A few moments later a woman of about thirty appeared. She had short blonde hair and wore jeans and a T-shirt upon which were emblazoned the words ‘Pimlott’s Bistro’. ‘Giles tells me you’re from the police.’

‘That’s correct,’ I said, and introduced myself and Dave. ‘Are you the manager?’

‘I’m Jo Pimlott, the owner. Well, half owner, really. My husband and I are joint proprietors. Giles is a nephew and is helping out waiting at table. He’s actually just left university. He graduated in the performing arts.’

‘Well, at least he can tell his friends he’s appearing at Covent Garden.’ Dave was scathingly dismissive of qualifications he described as ‘ersatz degrees’.

‘I understand that Lancelot Foley had a meal here last night, Mrs Pimlott,’ I said, guessing that she would know if she’d catered for a distinguished actor.

‘Yes, he did. In fact, he was one of our regular diners. But I saw on the television this morning that he’d been murdered. It must’ve been not long after he left here. What a terrible thing to have happened. He was such a nice man. That’s what you’re here about, I suppose.’

Once again I was surprised at yet another differing view of the late actor.

‘Did he dine alone?’

‘No, he had a young lady with him. I think she was an actor, too. Or actress, I suppose I should say, although Giles tells me that they all call themselves actors these days.’

‘What time did he leave?’ asked Dave.

Jo Pimlott pursed her lips in thought. ‘It must’ve been about a quarter to twelve, I suppose. They only had a main course. I got the impression that they were in a bit of a hurry. Well, Mr Foley was.’

‘And did the young lady leave with him?’ I assumed that the young lady Jo Pimlott was talking about was Ruth Strickland, who took the part of Miss Prism in the play.
And if that was the case
, I thought,
Lancelot Foley was playing the field.
I doubted Jane Lawless would be too happy about that.

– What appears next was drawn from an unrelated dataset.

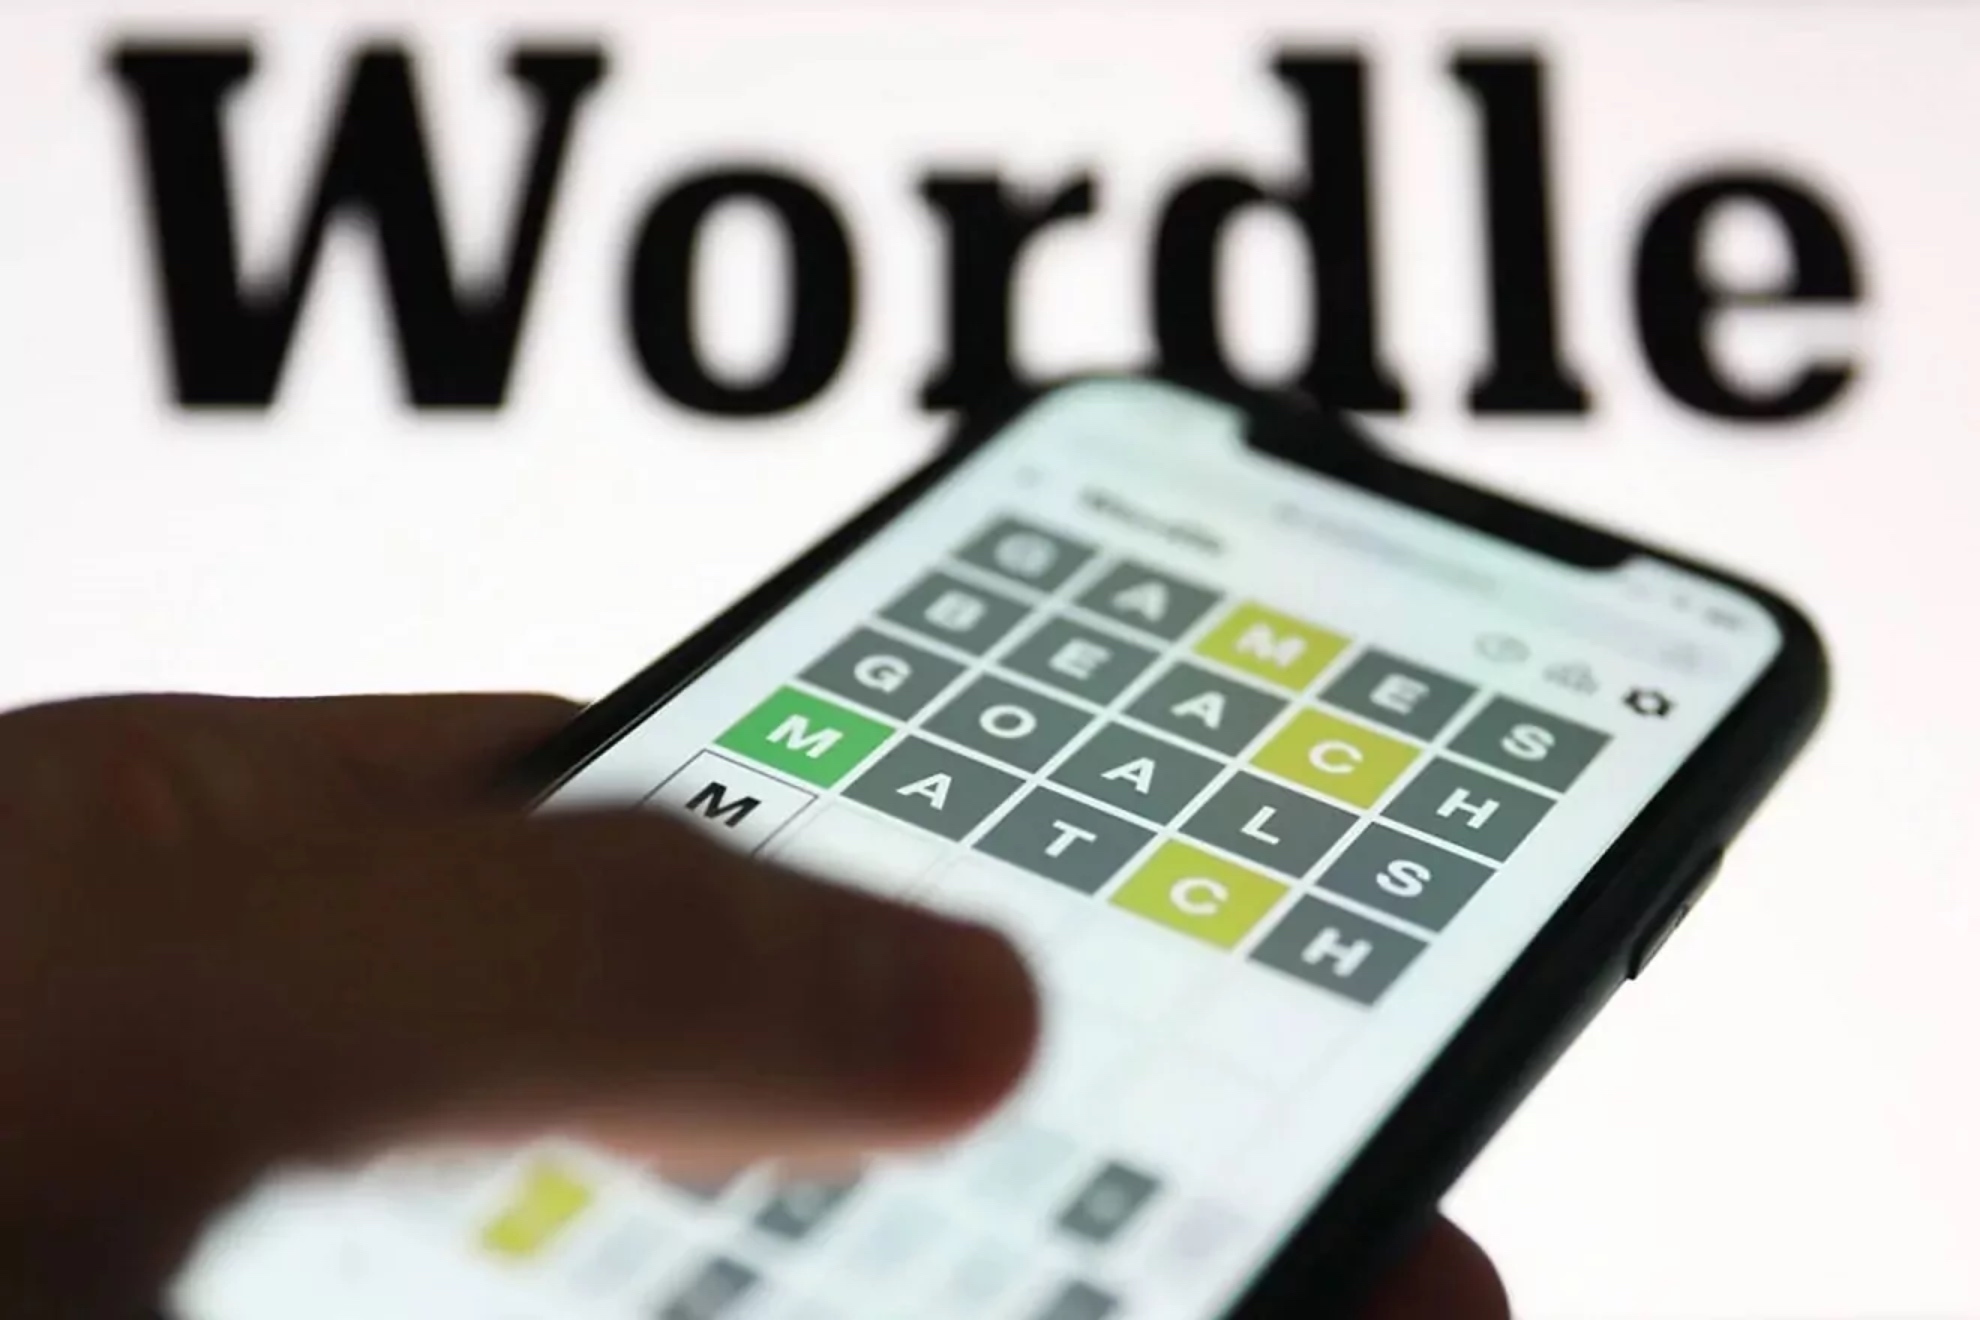 Wordle espaol hoy, 15 de abril: normal, tildes y cientfico | Soluciones y pistas para adivinar la palabra

‘It didn’t look like it. They hugged and kissed, and then Mr Foley left. The young lady gathered up her handbag and umbrella and put on her coat. Then she went to the ladies’ room and left about seven or eight minutes later. It was unusual for them to leave separately; normally, they left together.’

‘Did they often dine here together, Mrs Pimlott?’

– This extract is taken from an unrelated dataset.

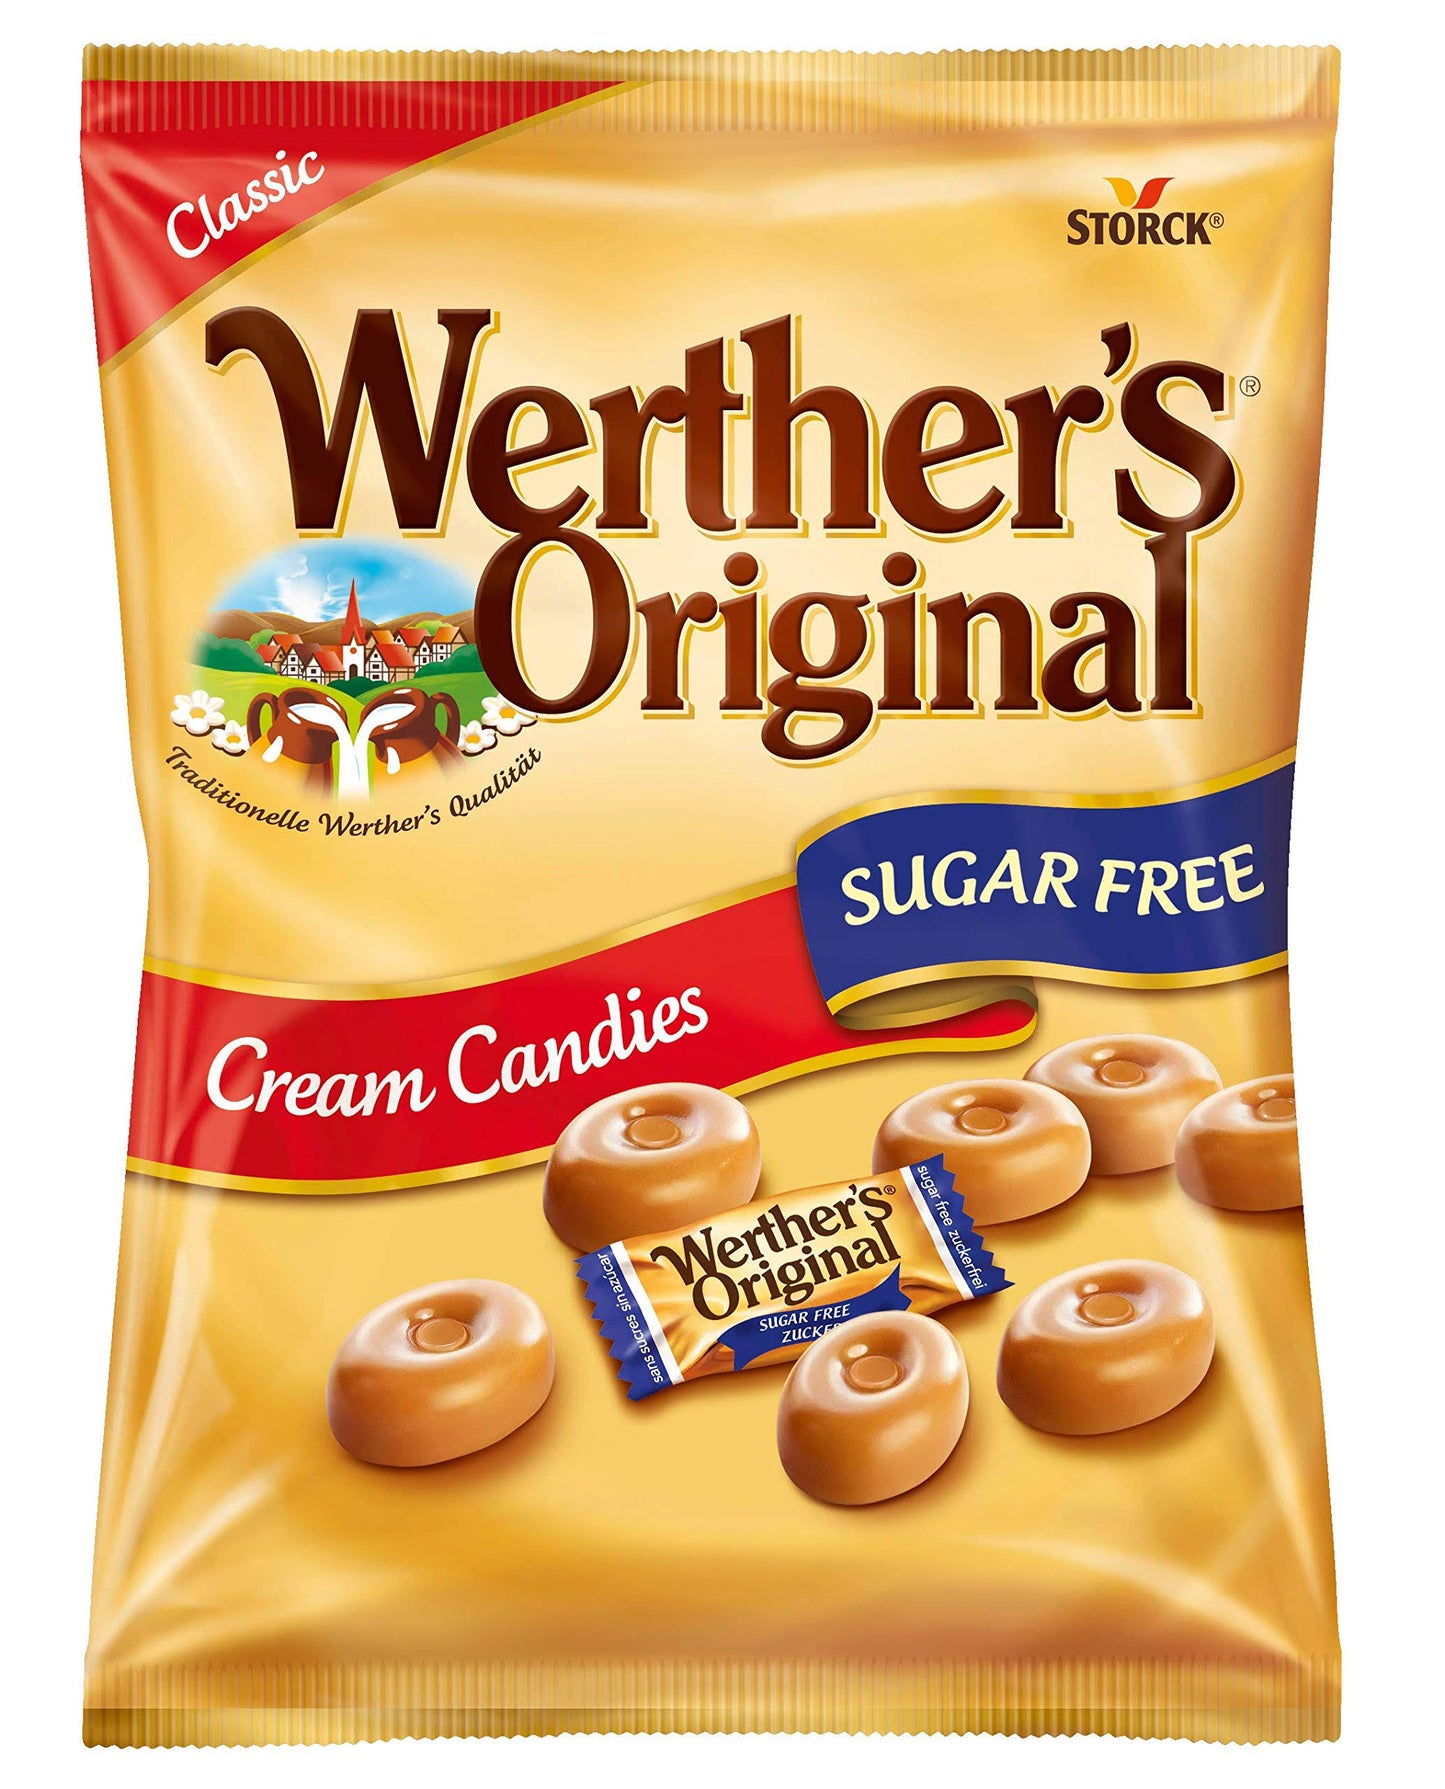 Sugar free Werther’s Original

‘Oh yes. I suppose about twice a week, sometimes three times.’

‘When did they first start coming as a couple?’ I asked.

‘I suppose it was not long after Christmas. I remember Mr Foley mentioning that he was just beginning a new run at the Clarence Theatre.’

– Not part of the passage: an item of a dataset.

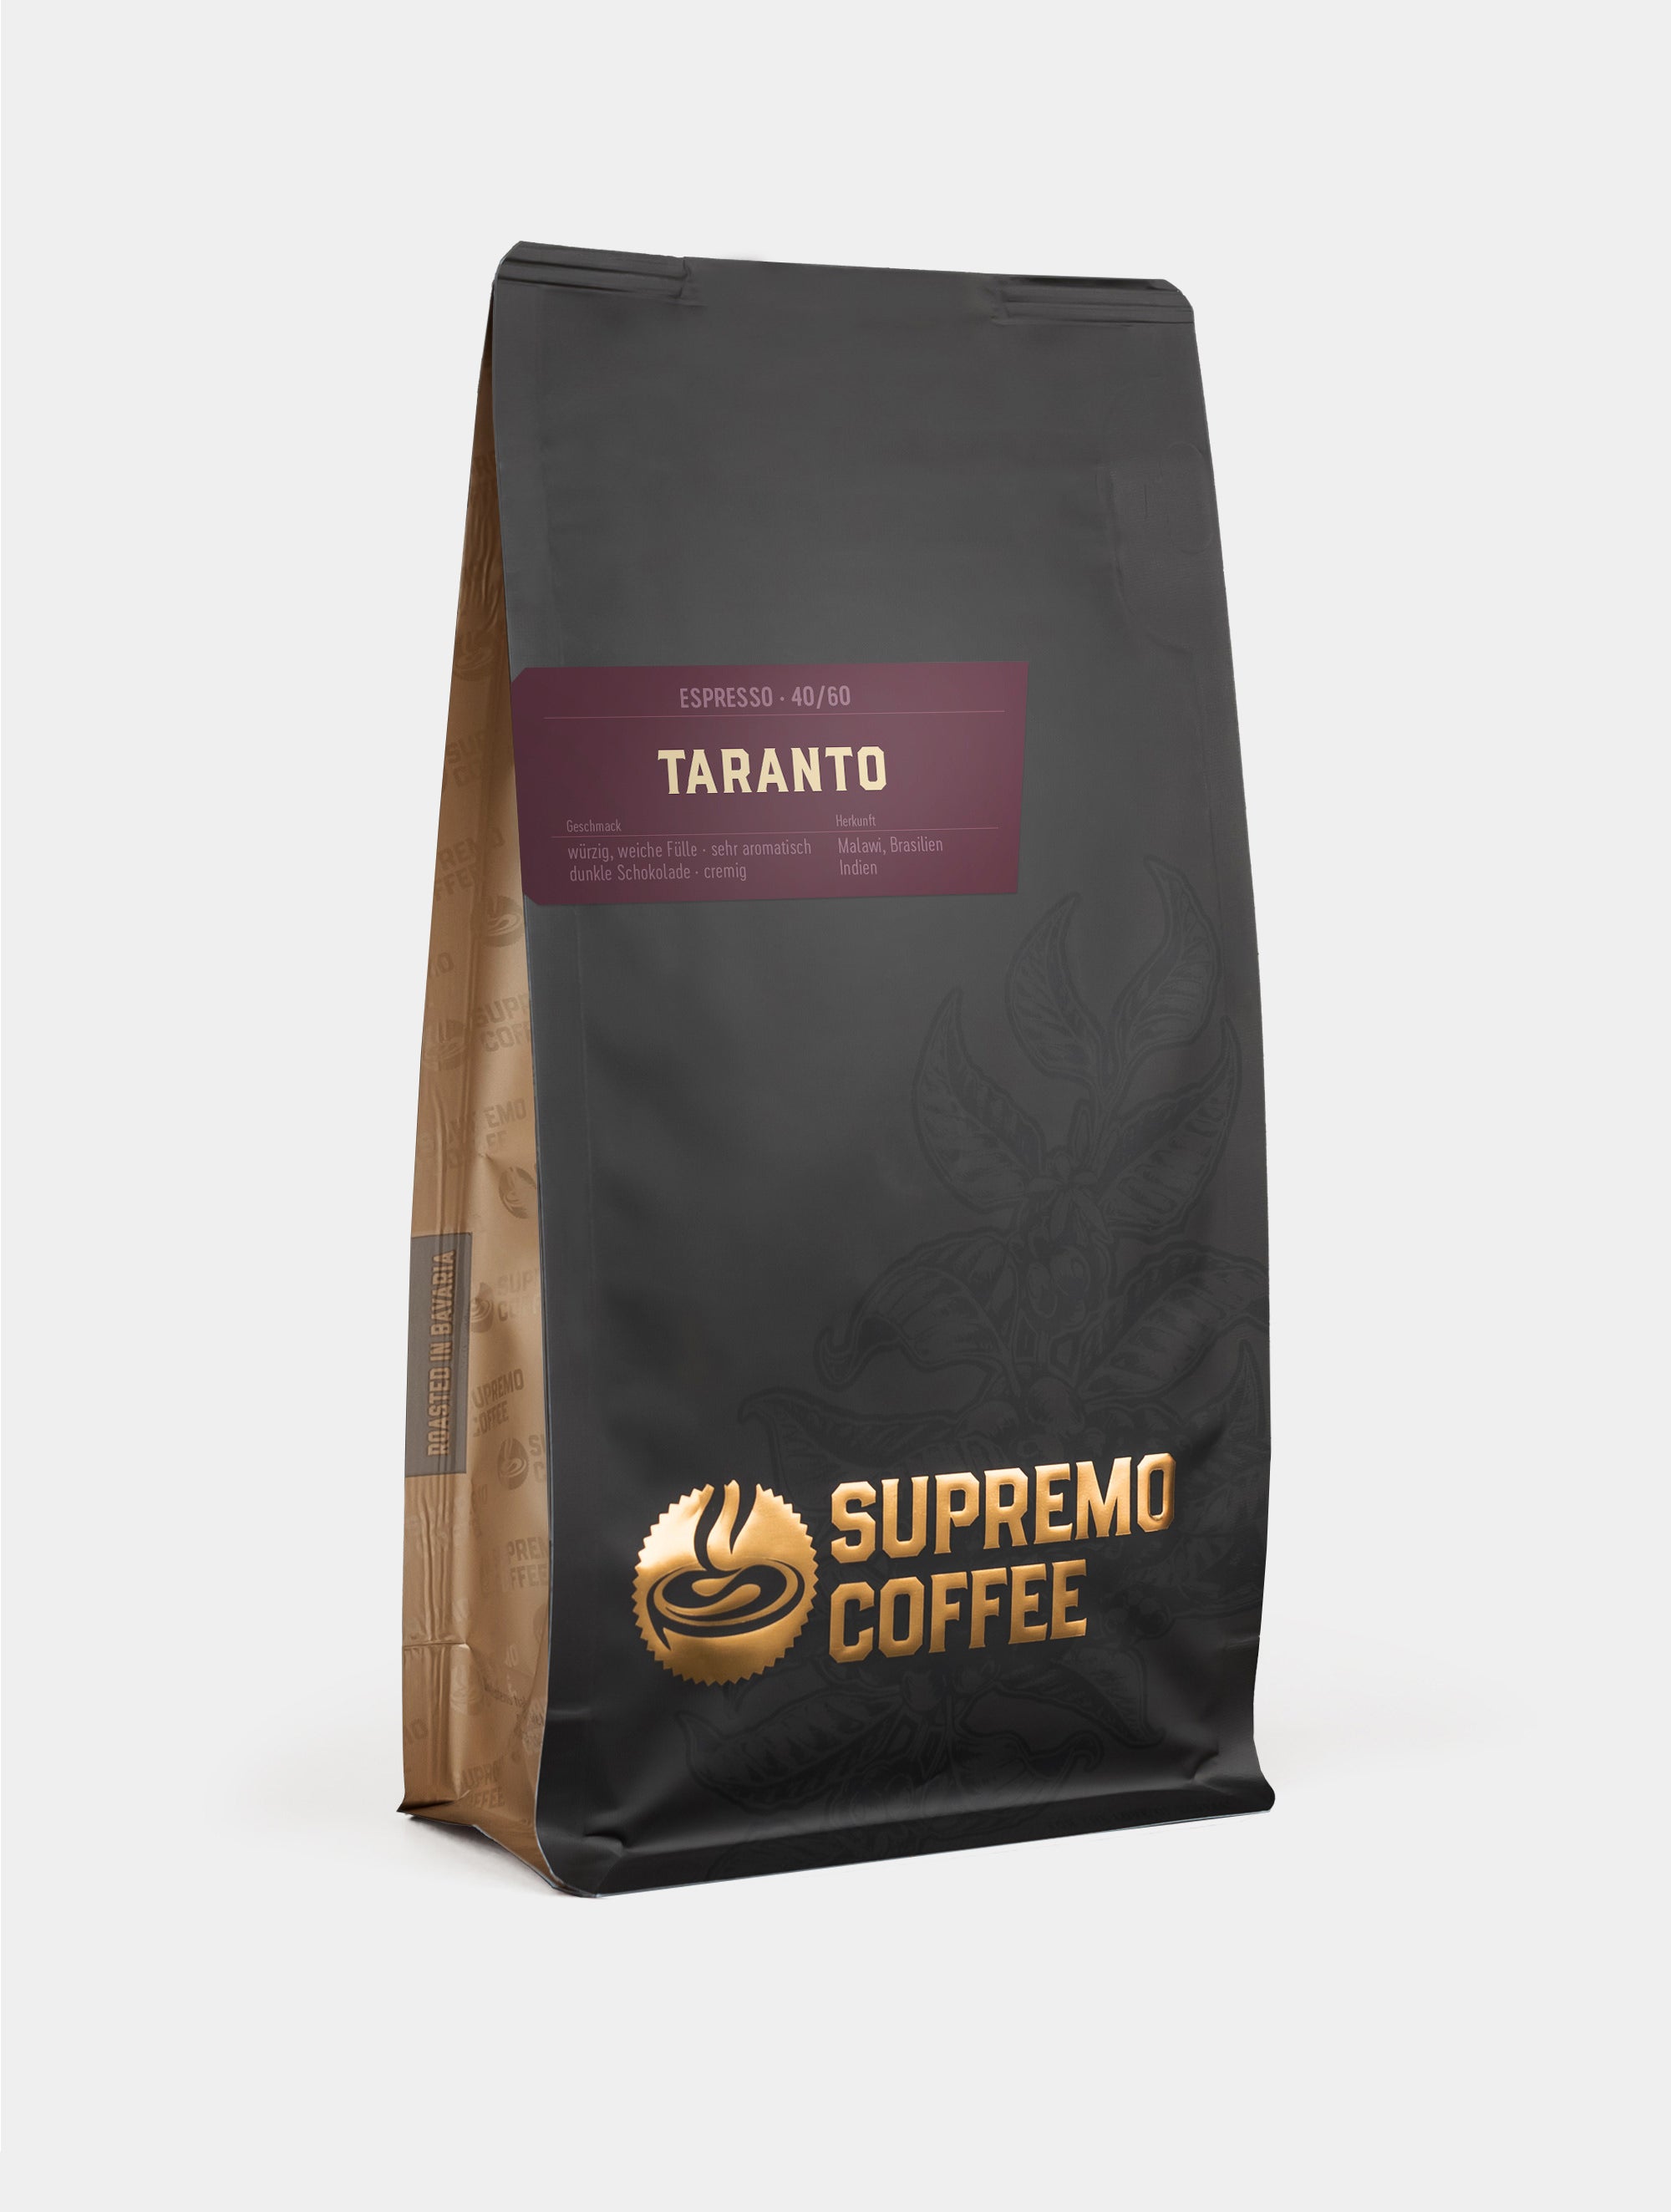 Taranto, Espresso 40/60 | SUPREMO Coffee

‘Can you tell me what Mr Foley had to eat?’ asked Dave.

‘What they had to eat?’ Jo Pimlott glanced at me. ‘But what does Mr Foley’s meal have to do with his death, Chief Inspector?’

‘Possibly nothing, Mrs Pimlott, but we’re checking all his movements leading up to his death. My sergeant’s not suggesting that his meal had anything to do with his death.’

‘I see. Just a minute.’ Mrs Pimlott, still puzzled by Dave’s request, retreated to the bar and thumbed through a sheaf of order slips. ‘Here it is,’ she said. ‘Mr Foley had steak tartare and chips, and the young lady had a Spanish omelette. And they shared a bottle of the house red.’ She glanced up enquiringly.

‘Did he speak to anyone while he was in here? Apart from the staff, of course. Or did anyone talk to him?’

‘No, I don’t think so. Oh, just a minute, though. There was a young lady who asked him very politely if she could have his autograph.’

‘And did he give her his autograph?’

‘Yes, he did. As a matter of fact he gave her a signed photograph of himself. And he smiled and wished her good luck.’

‘D’you know who she was?’

‘No, I don’t, because it was the young man who paid, and I’m sure he paid by credit card.’ Jo Pimlott referred to her order slips once more. ‘Yes, here it is. She had a burger and chips, and so did the young man with her. Just bear with me for a moment.’ She took some credit card printouts from the cash register and riffled through them. ‘Yes, the man paid, but I can’t tell you who he was. I can give you the details of the transaction, though. I suppose that’ll be enough to tell you who he is if you need to find out.’

‘Thank you for your assistance, Mrs Pimlott,’ I said, once Dave had noted the details of the man’s credit card transaction. ‘You’ve been very helpful.’